JP Morgan flexes fintech muscles with early payments
JP Morgan has seen the light and has added an early direct deposit feature for some clients.
Image source: Shutterstock.
Legacy banks are becoming more like fintech every day, but none more so than JPMorgan Chase. Perhaps it has something to do with CEO Jamie Morgan’s obsession with the banking industry’s smaller, nimbler competitors.
Chase has unveiled an early direct deposit feature for its Secure Banking customers, placing it in the same camp as well-known fintech platforms Chime, Square’s Cash App and Current, to name a few.
Starting this month, Chase will expedite eligible direct deposit payments for Secure Banking customers by up to two days, depending on when an employer sends the funds via ACH. According to the announcement, most direct deposits will qualify across wages, tax refunds, government benefits and pensions.
Early Pay is designed to help consumers who are living paycheck to paycheck to cover their bills. That basically means getting paid on a Wednesday instead of a Friday for Chase users. Chase’s Secure Banking product is designed for households whose annual income falls at or below the $55,000 threshold. Most of their 1.4 million customers receive direct deposits on the platform and will now access their funds earlier.
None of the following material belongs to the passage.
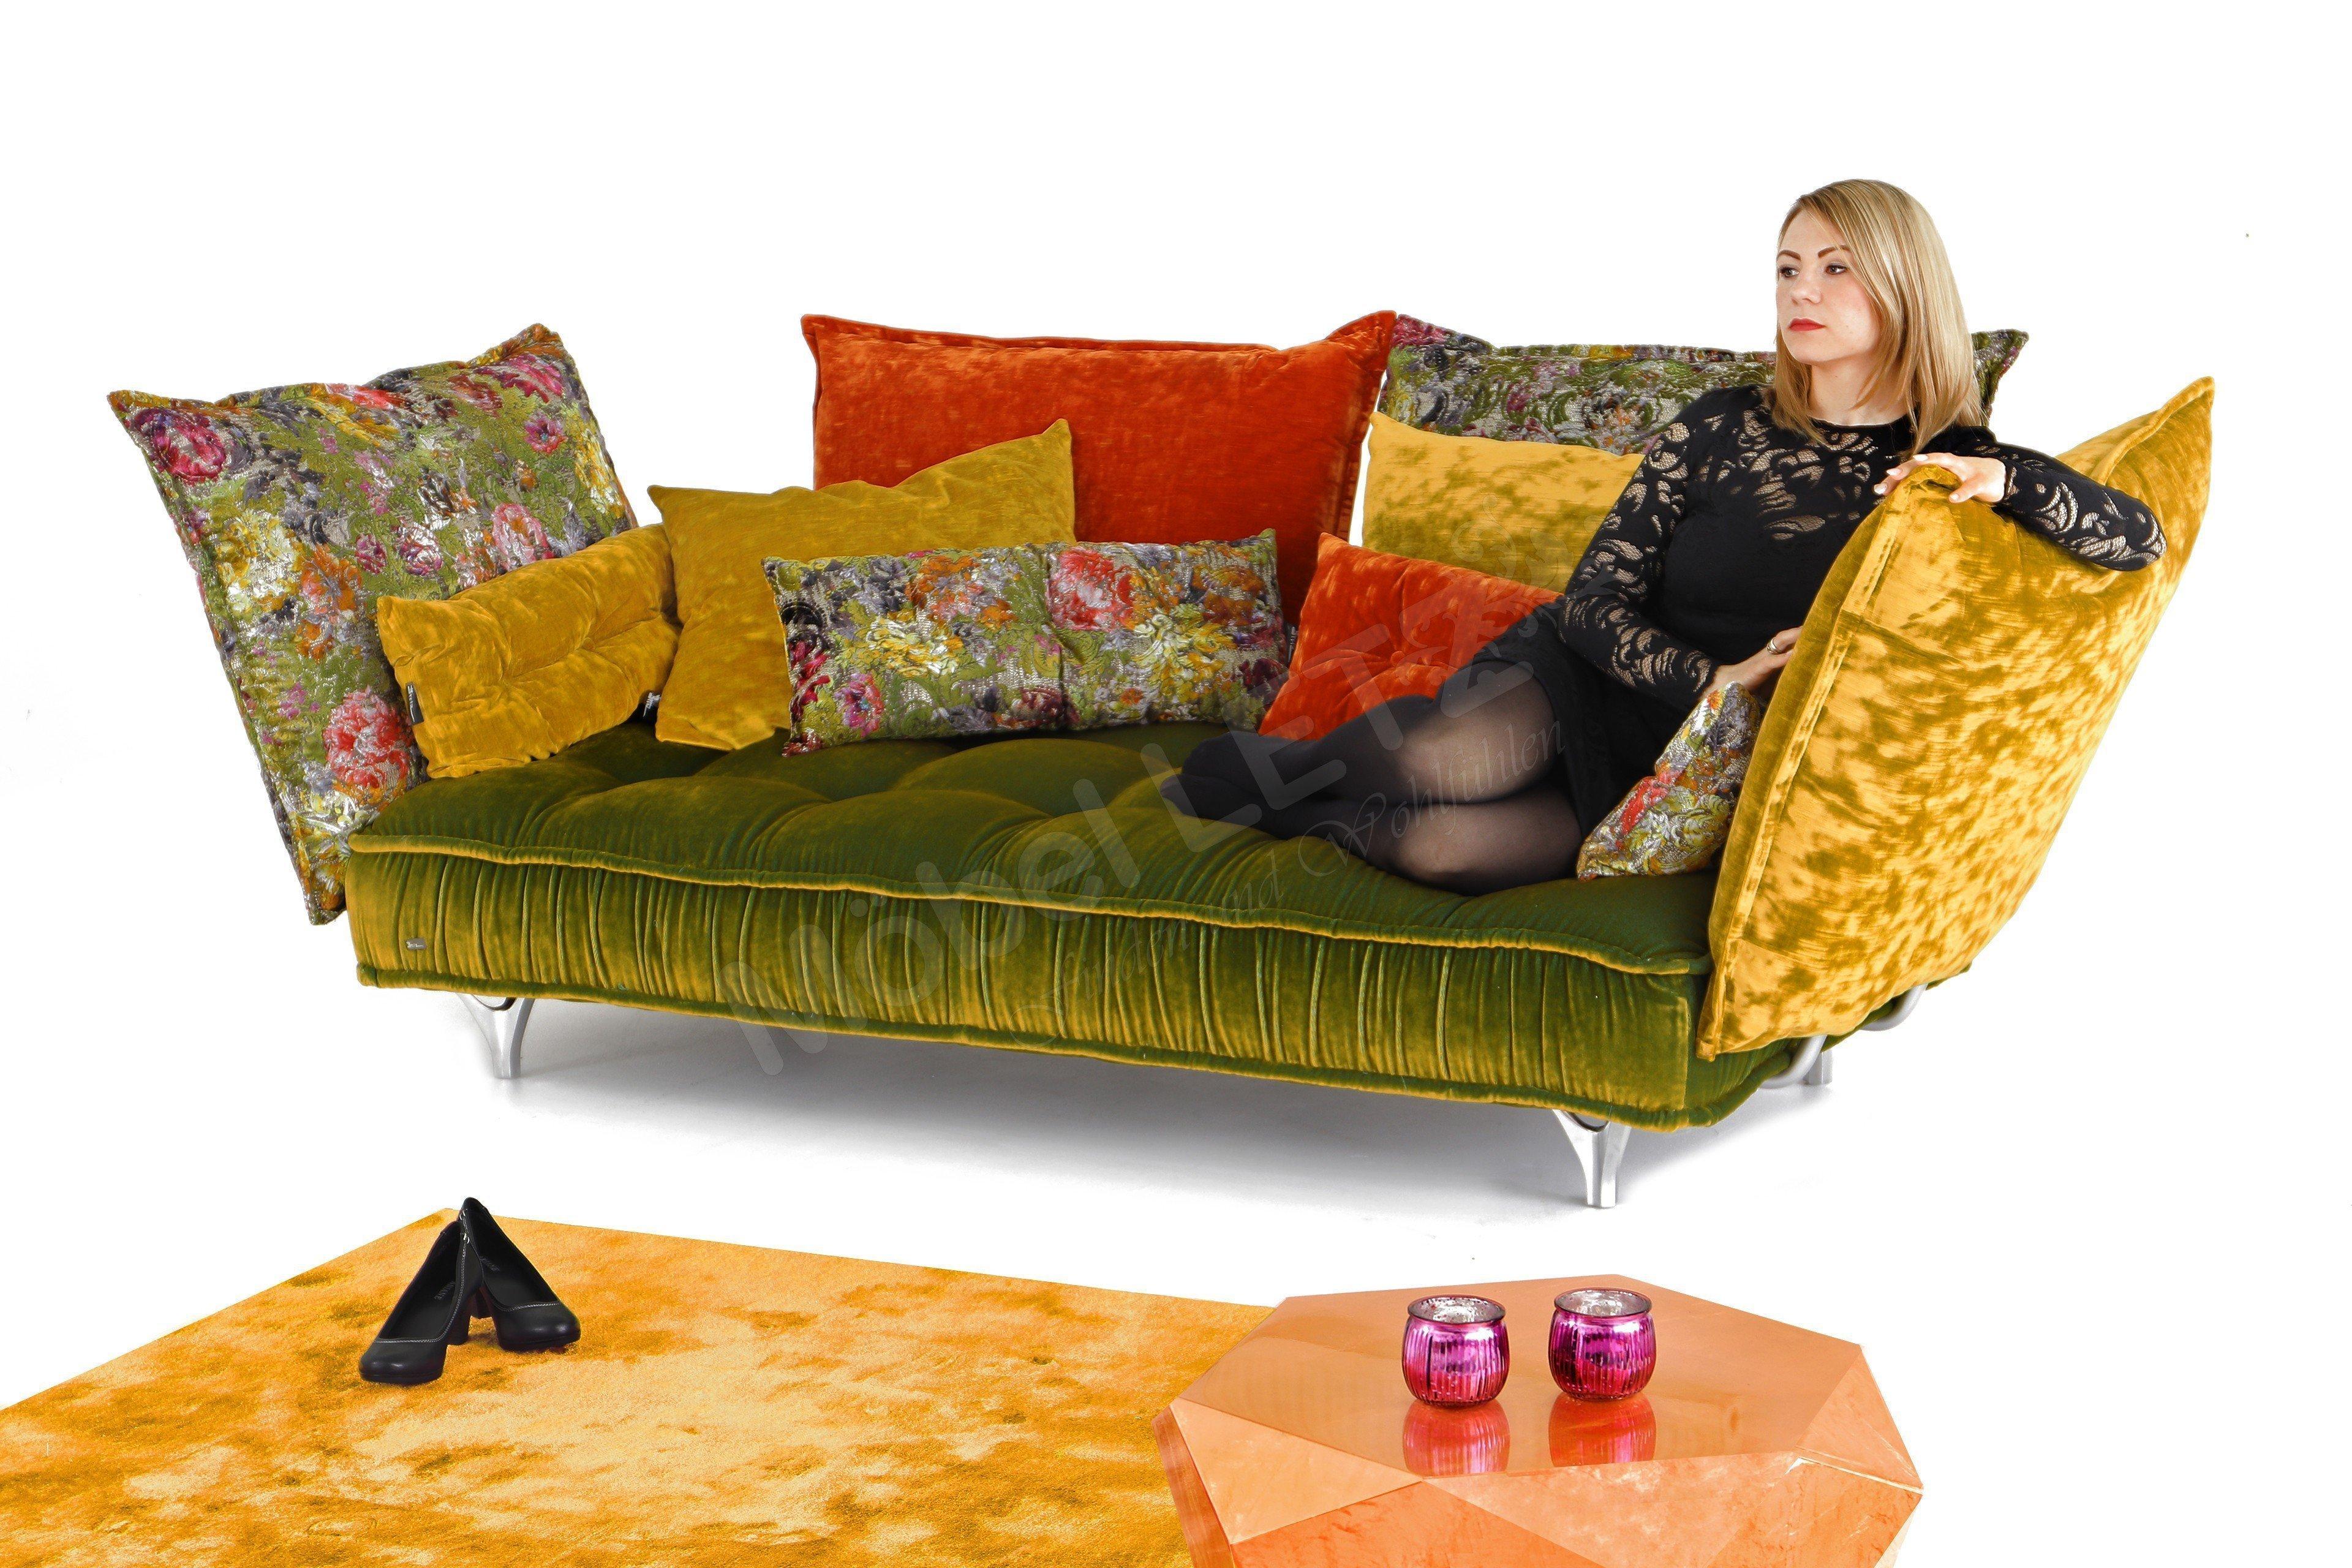 bretz ohlinda ecksofa oliv orange gold m bel letz ihr online shop. Black Bedroom Furniture Sets. Home Design Ideas

Chase said the new feature is in response to customer demand. Ryan MacDonald, Chase’s Head of Financial Growth Products, stated:
“Secure Banking customers have told us that early access was one of the most appealing benefits we could offer. At a time when budgets are stretched thin by competing priorities, this is a compelling option to give households more control over how they manage their economic life.”
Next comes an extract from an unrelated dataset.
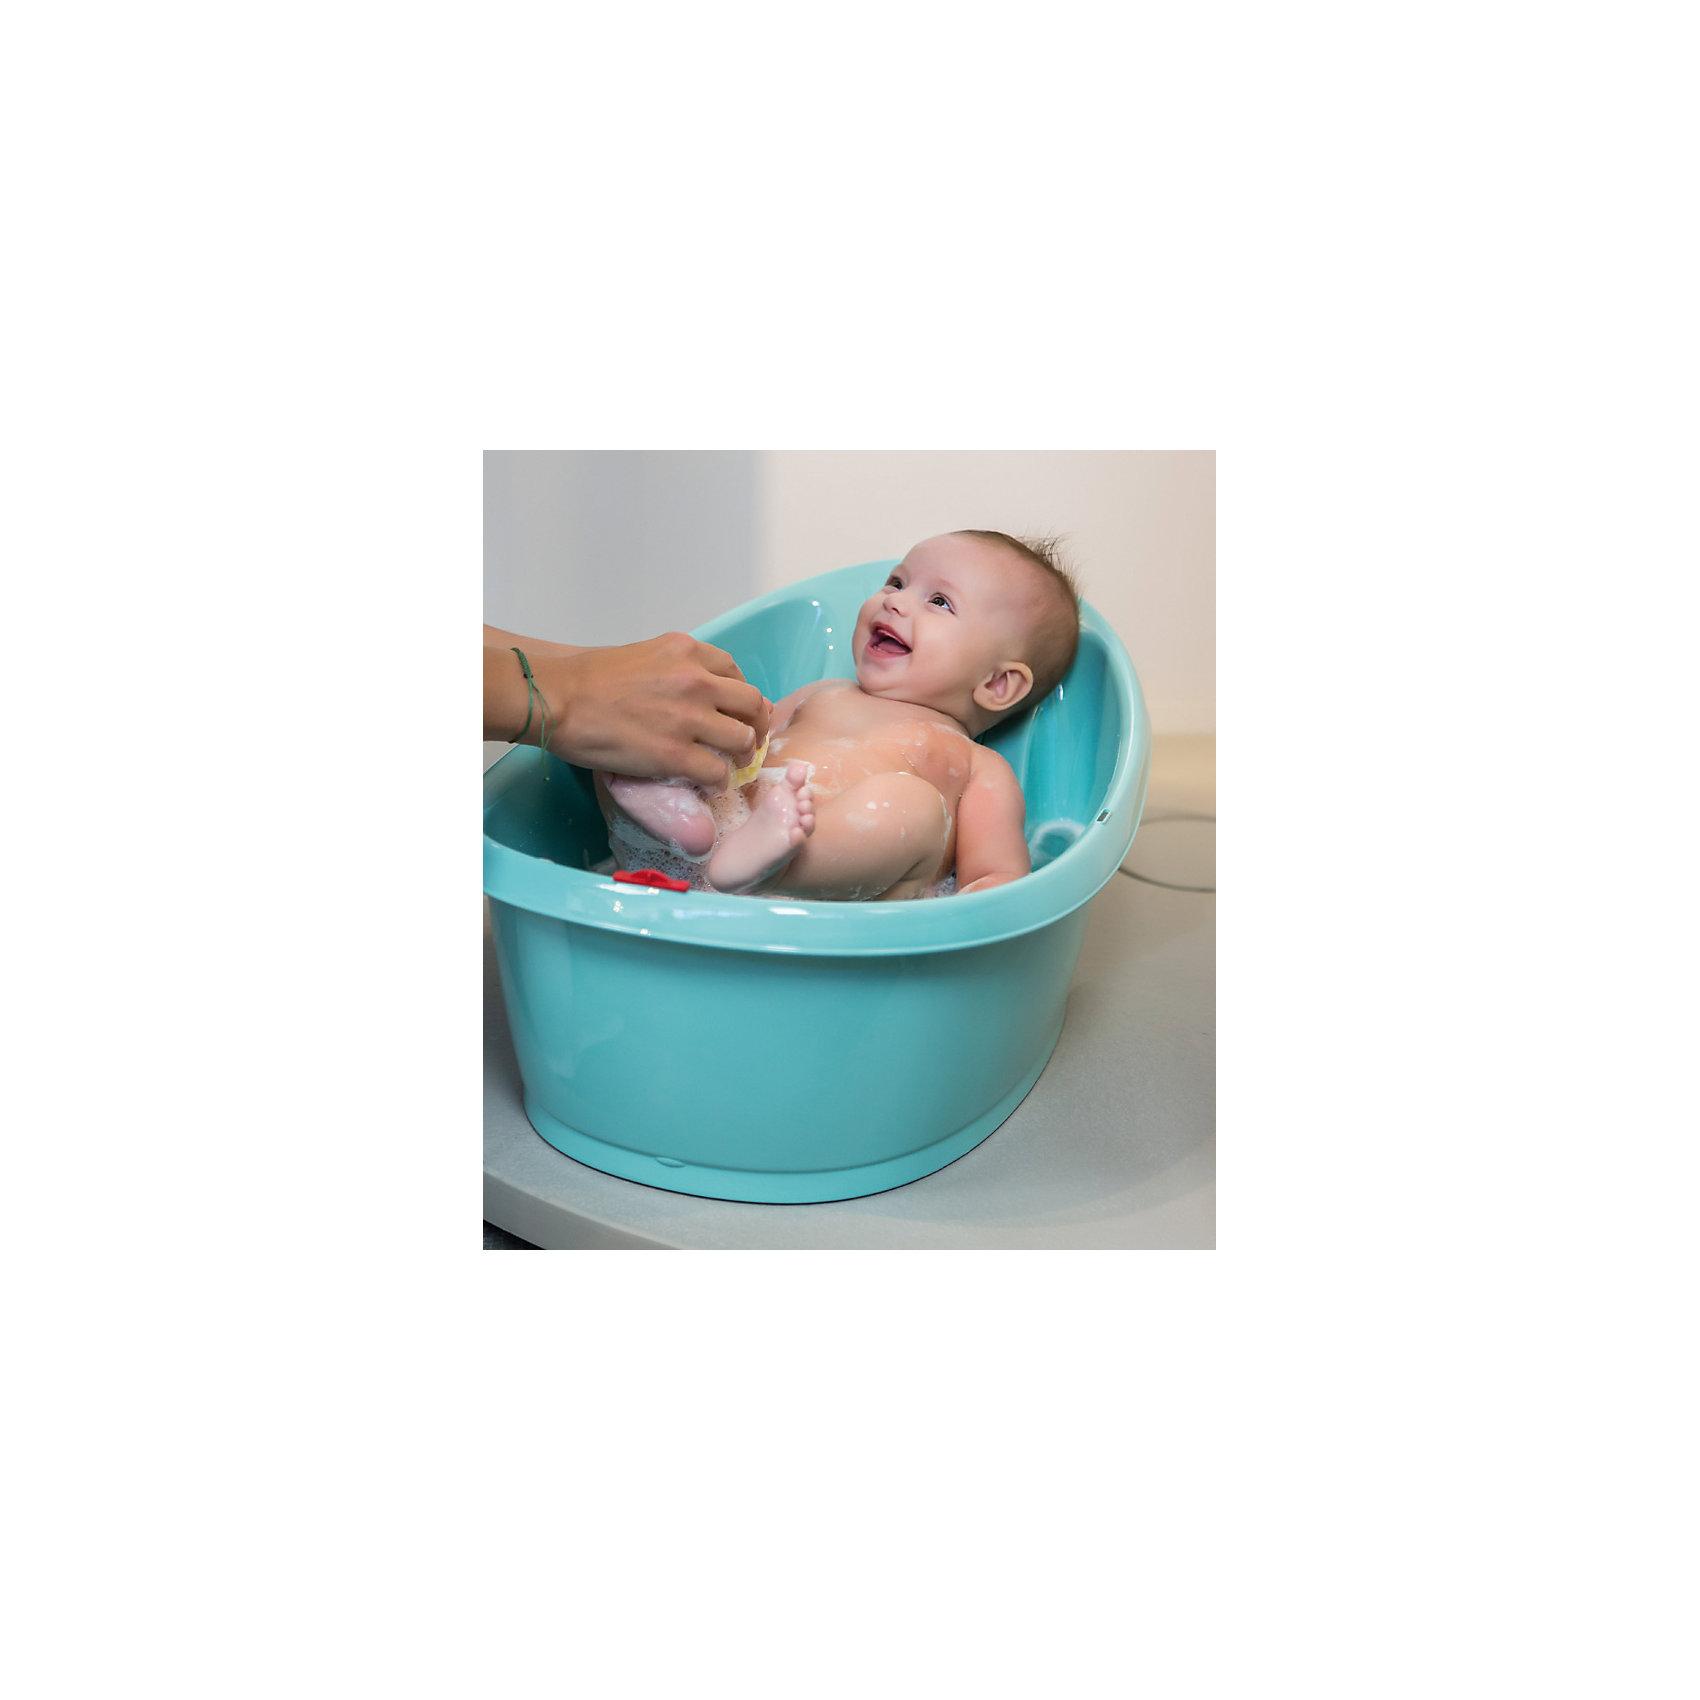 Ванночка Onda, Ok Baby, зеленый (OK Baby)

Chase can give customers what they think they want, but that doesn’t do them any favors. Instead of perpetuating a cycle and enabling consumers anxiously waiting for their next paycheck, the bank can build a tool to help its financially strained customers break the cycle, not just appear to do so by accessing to funds a few days earlier.
Meanwhile, there’s a good chance that Chase is also getting tired of losing customers to the likes of Chime. Early direct deposit is a staple among many leading fintechs, whose share of the banking pie has grown. For its part, Chime offers its users, many of whom are in the low- to middle-income bracket:
- SpotMe, a feature where Chime will “spot” its users with up to $200 in debit card transactions and cash withdrawals without overdraft fees,
- No monthly fees or account minimums (Chase’s Secure Banking product requires a monthly fee of $4.95),
- A secured credit card.
The proof is in the pudding. Chime reportedly has 12 million customers as of 2021, up 50 percent from 8 million in 2020. Chime isn’t alone, with money apps like Current (3 million+), Mark Cuban-backed Dave (12 million), Acorns (4.6 million) , and SoFi (3.8 million) also post impressive user figures.
In his latest shareholder letter, JP Morgan CEO Dimon highlighted the increased competition facing banks, mentioning the word “fintech” 10 times in his takeaways. And as much as he’s not a fan of bitcoin, Chase was an early mover (among his peers) in the blockchain space, with JPM Coin and Dimon even appearing in a banking lounge in the metaverse.
JPMorgan may continue to ride the fintech innovation jackets, but it will always be a bank at the end of the day. Meanwhile, Chase has something that Chime wants – a publicly traded stock.
Chime’s IPO plans were apparently shelved, at least for now, after investors fled fintech stocks like the plague in 2022. It could simply be that the grass is always greener. Or, perhaps in an effort to make all sides happy, some bank/fintech tie-ups could be on the horizon. If that’s the case, banks may want to act quickly before fintech grows any bigger.